If the trend continues, the industry faces collapse in a state where more than a third of its borrowers live. Lenders are also having trouble making new loans in other states, because banks have slowed lending to them as fears about defaults have grown.
Government officials in the state say they had little choice but to act, and point to women like Durgamma Dappu, a widowed laborer from this impoverished village who took a loan from a private microfinance company because she wanted to build a house.
She had never had a bank account or earned a regular salary but was given a $200 loan anyway, which she struggled to repay. So she took another from a different company, then another, until she was nearly $2,000 in debt. In September she fled her village, leaving her family little choice but to forfeit her tiny plot of land, and her dreams.
“These institutions are using quite coercive methods to collect,” said V. Vasant Kumar, the state’s minister for rural development. “They aren’t looking at sustainability or ensuring the money is going to income-generating activities. They are just making money.”
Reddy Subrahmanyam, a senior official who helped write the Andhra Pradesh legislation, accuses microfinance companies of making “hyperprofits off the poor,” and said the industry had become no better than the widely despised village loan sharks it was intended to replace.
“The money lender lives in the community,” he said. “At least you can burn down his house. With these companies, it is loot and scoot.”
Indeed, some of the anger appears to have been fueled by the recent initial public offering of shares by SKS Microfinance, India’s largest for-profit microlender, backed by famous investors like George Soros and Vinod Khosla, a co-founder of Sun Microsystems.
SKS and its shareholders raised more than $350 million on the stock market in August. Its revenue and profits have grown around 100 percent annually in recent years. This year, Vikram Akula, chairman of SKS Microfinance, privately sold shares worth about $13 million.
Lydia Polgreen reported from Madoor, and Vikas Bajaj from Mumbai, India. Hari Kumar contributed reporting from Madoor.

1 comment:

  1. Thank You for posting this Steven,
    It makes sense.
    when we talk about microcredit in India, we are not only talking about banks but we are also discussing the concept of bonded labour sorts which is very high in my area. I agree with the article and feel that pumping in capital through a social venture is not the answer. It is as important (if not more) to look at fund allocation and have a tactile product at the end which closes the loop.

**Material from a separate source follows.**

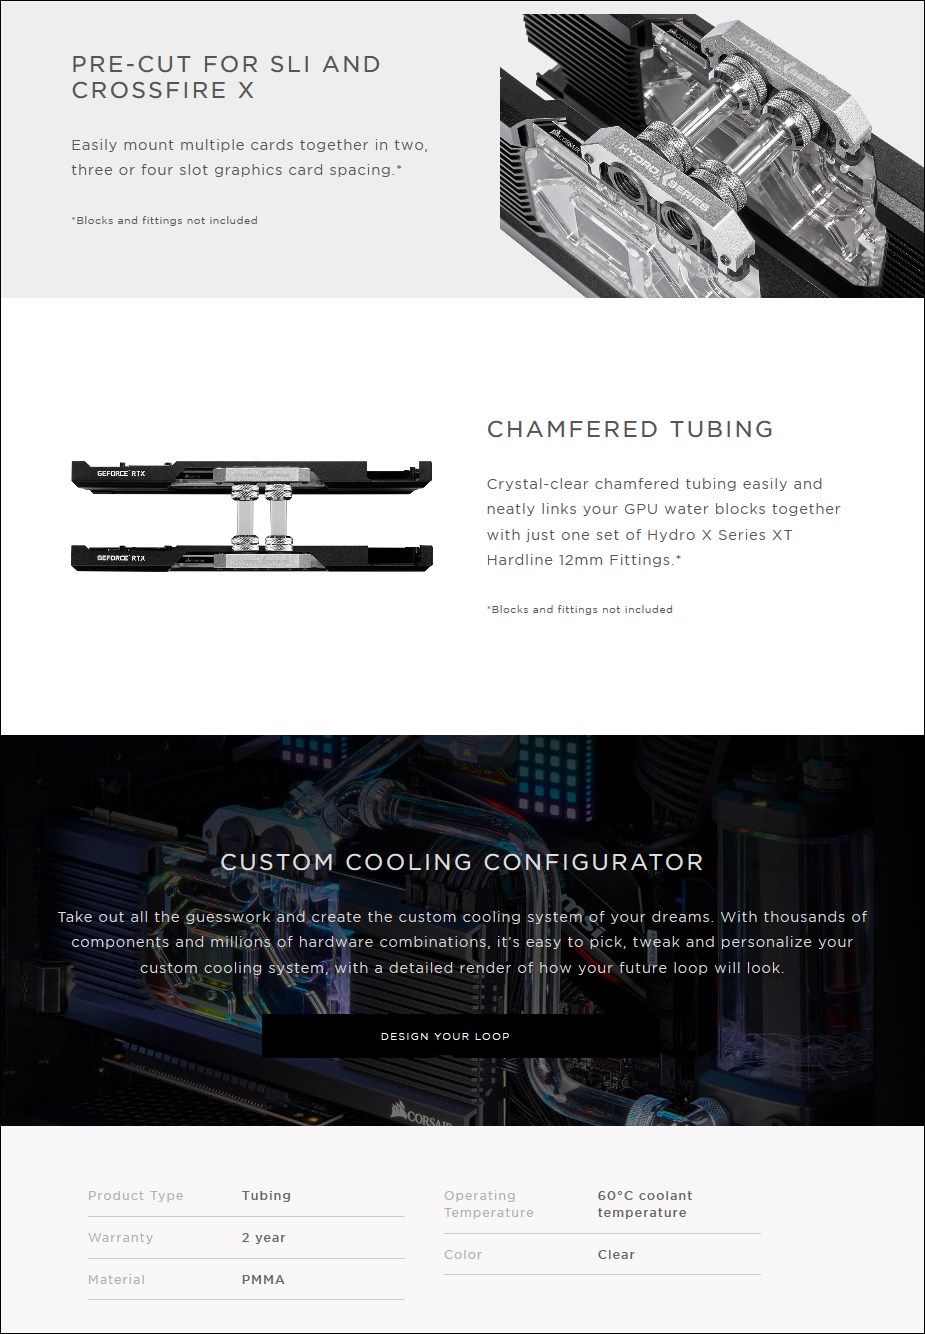 Corsair Hydro X Series XT Hardline 12mm Multicard Kit - Overview 1

    I feel with the recent economic growth in the country smaller banks started giving these loans in the hope to spur growth in villages, something which was not so easy a few years ago ( you had to have a proper business plan and financial strategy in mind), the laxing of which was a system geared for collapse.

    That said, I feel that the Asia- Pacific economic industry is something which we can all learn from.